WHAT THE EXERCISE ASKS = Here the job is to copy the data exactly and to exclude every image from it.

RECORDED INFORMATION =
----------
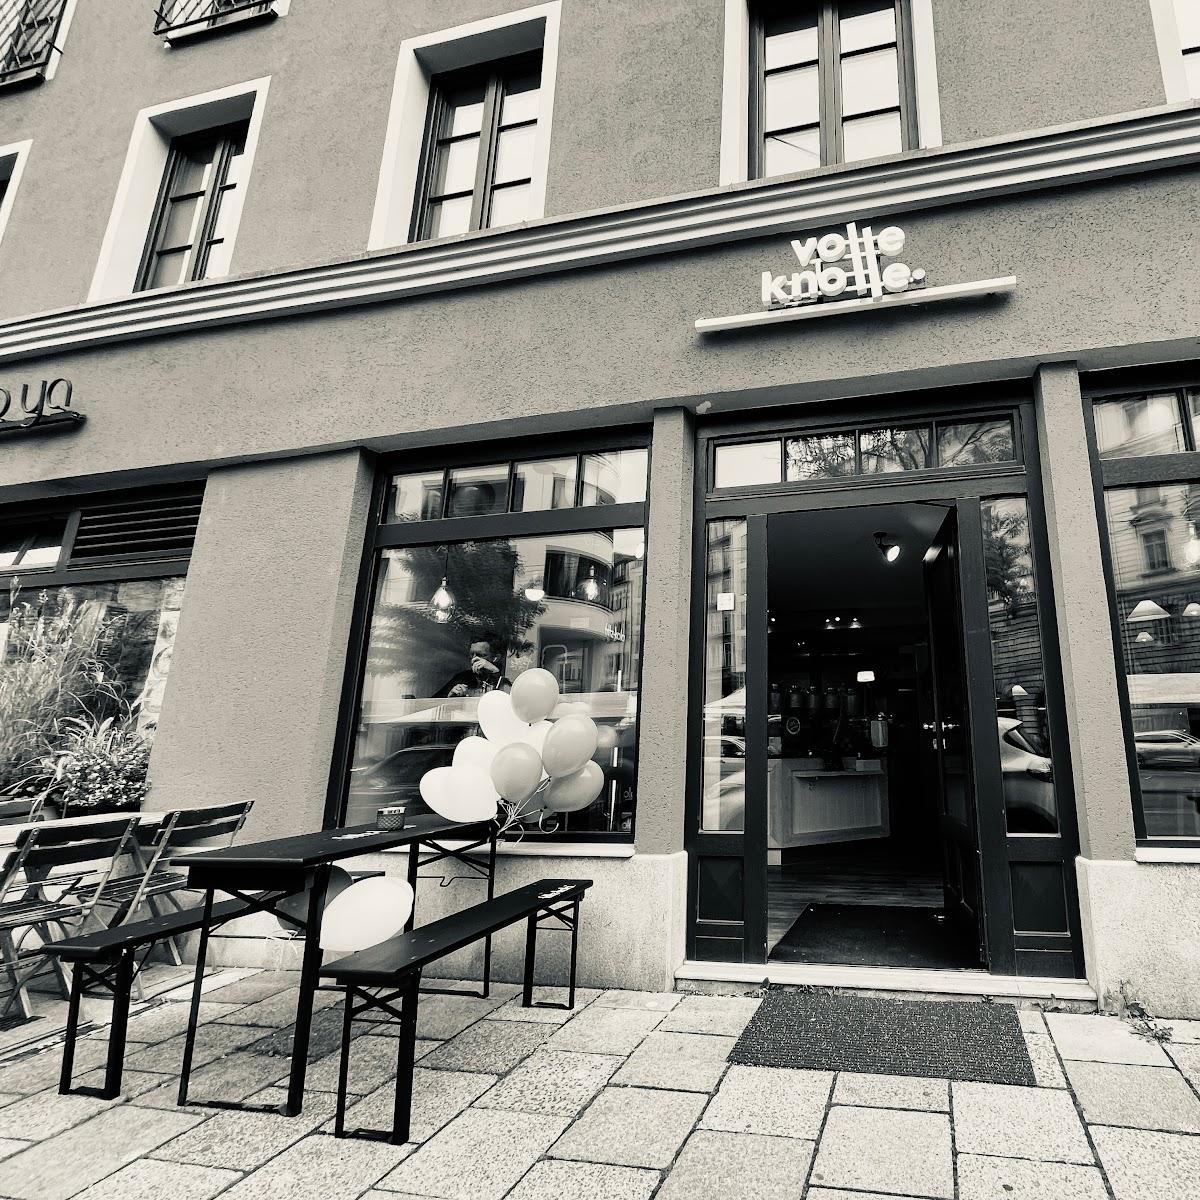 Restaurant "volle knolle." in München
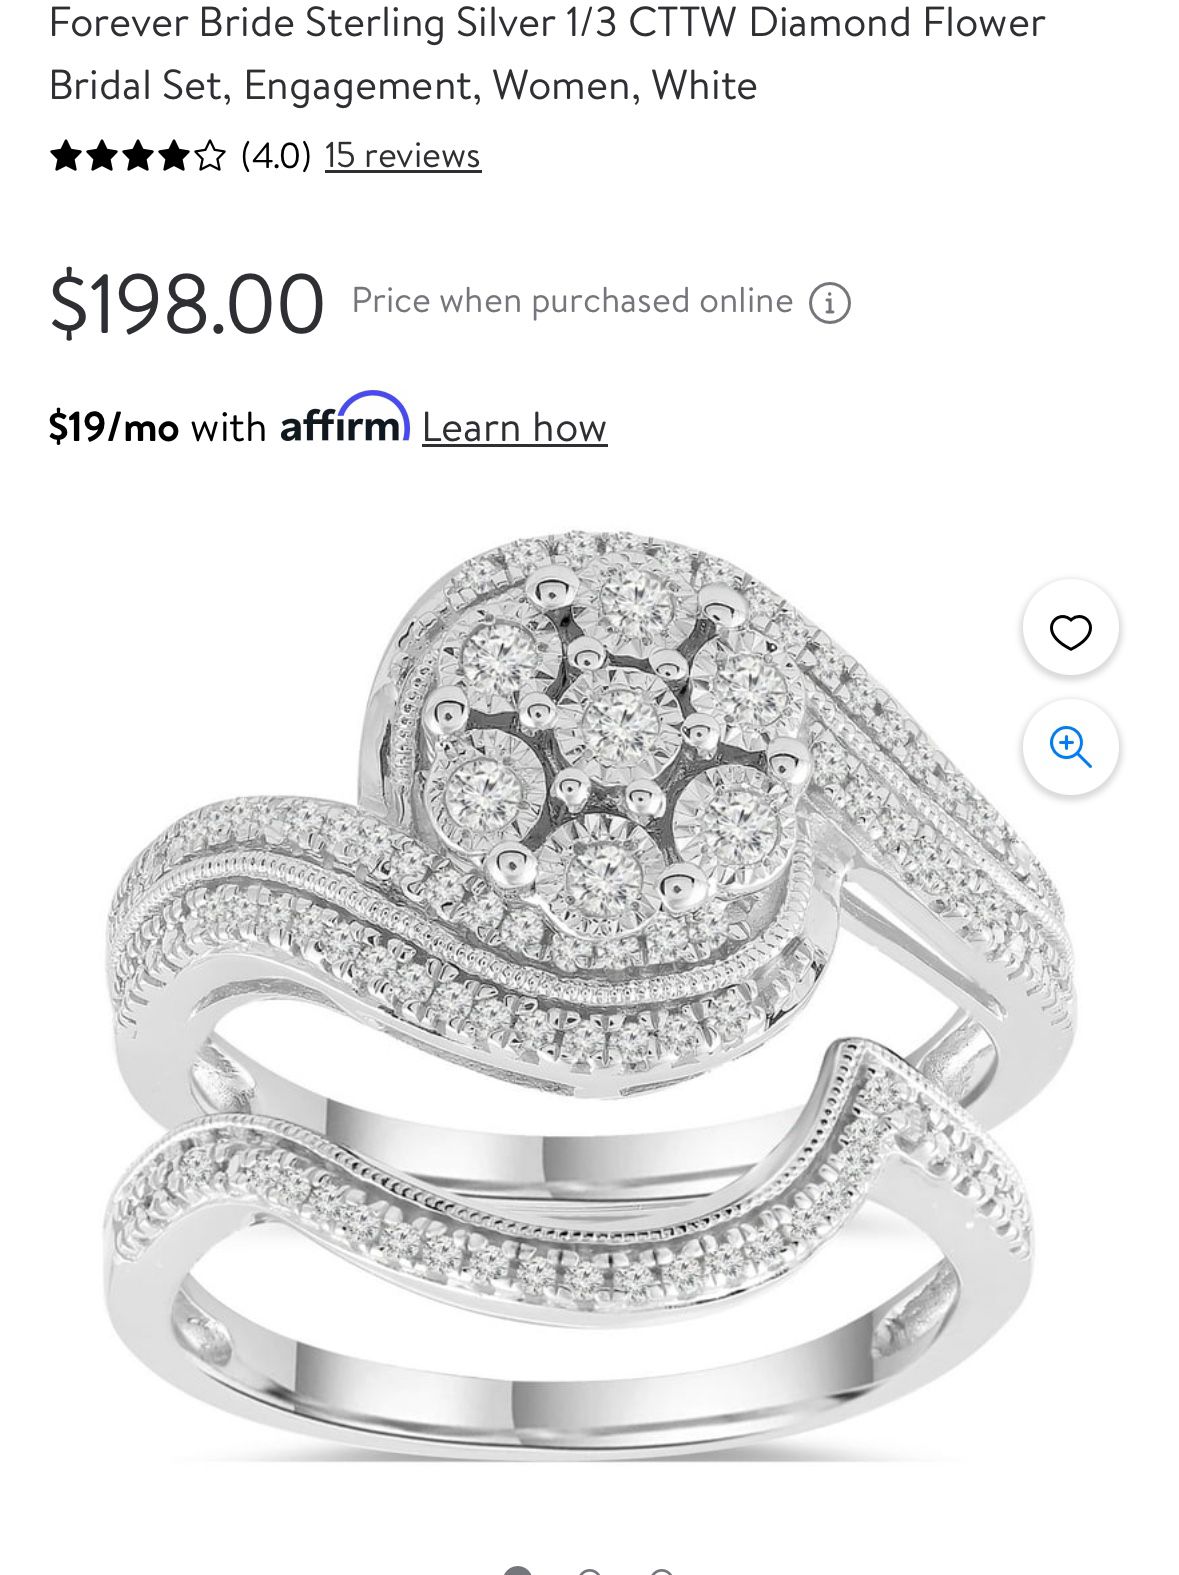 Engagement/Bridal Ring Set
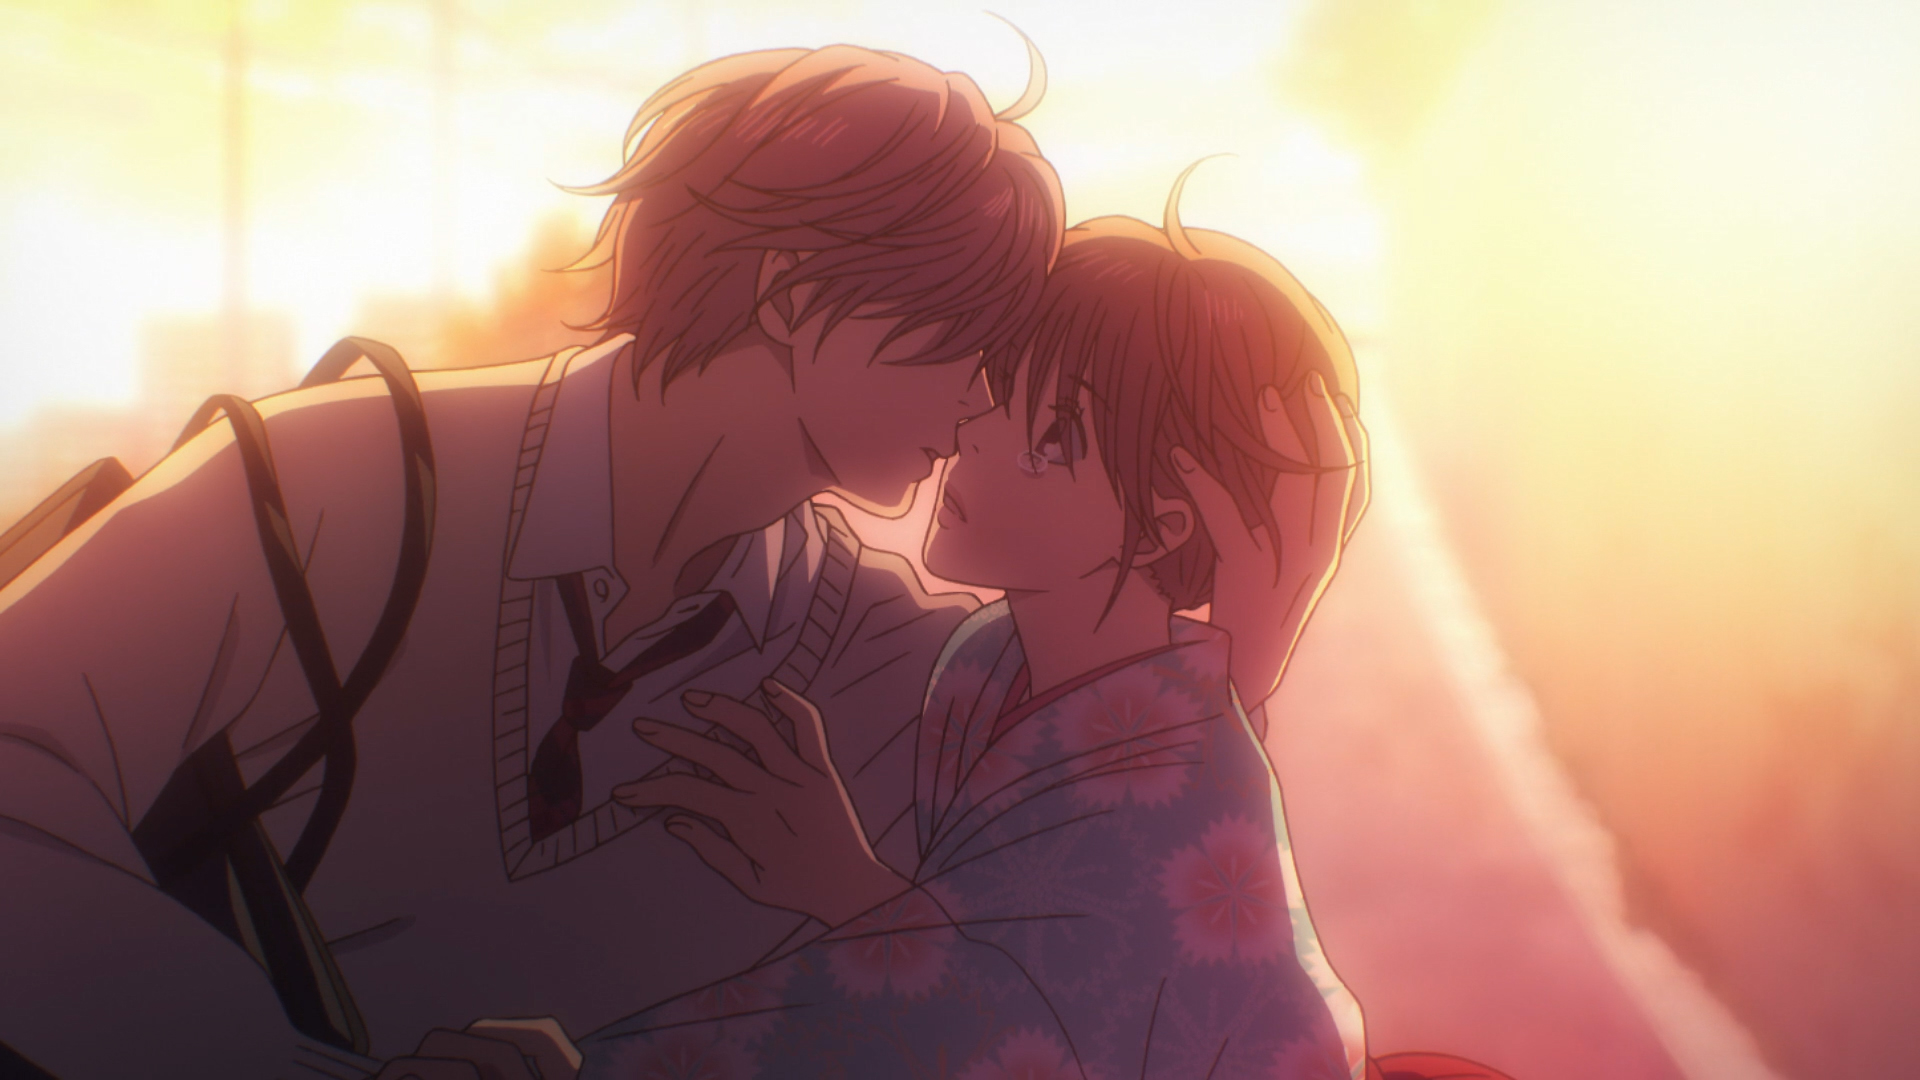 Image of a sad anime couple sharing a last kiss
----------
THE COMPLETED TASK =
 Restaurant "volle knolle." in München
 Engagement/Bridal Ring Set
 Image of a sad anime couple sharing a last kiss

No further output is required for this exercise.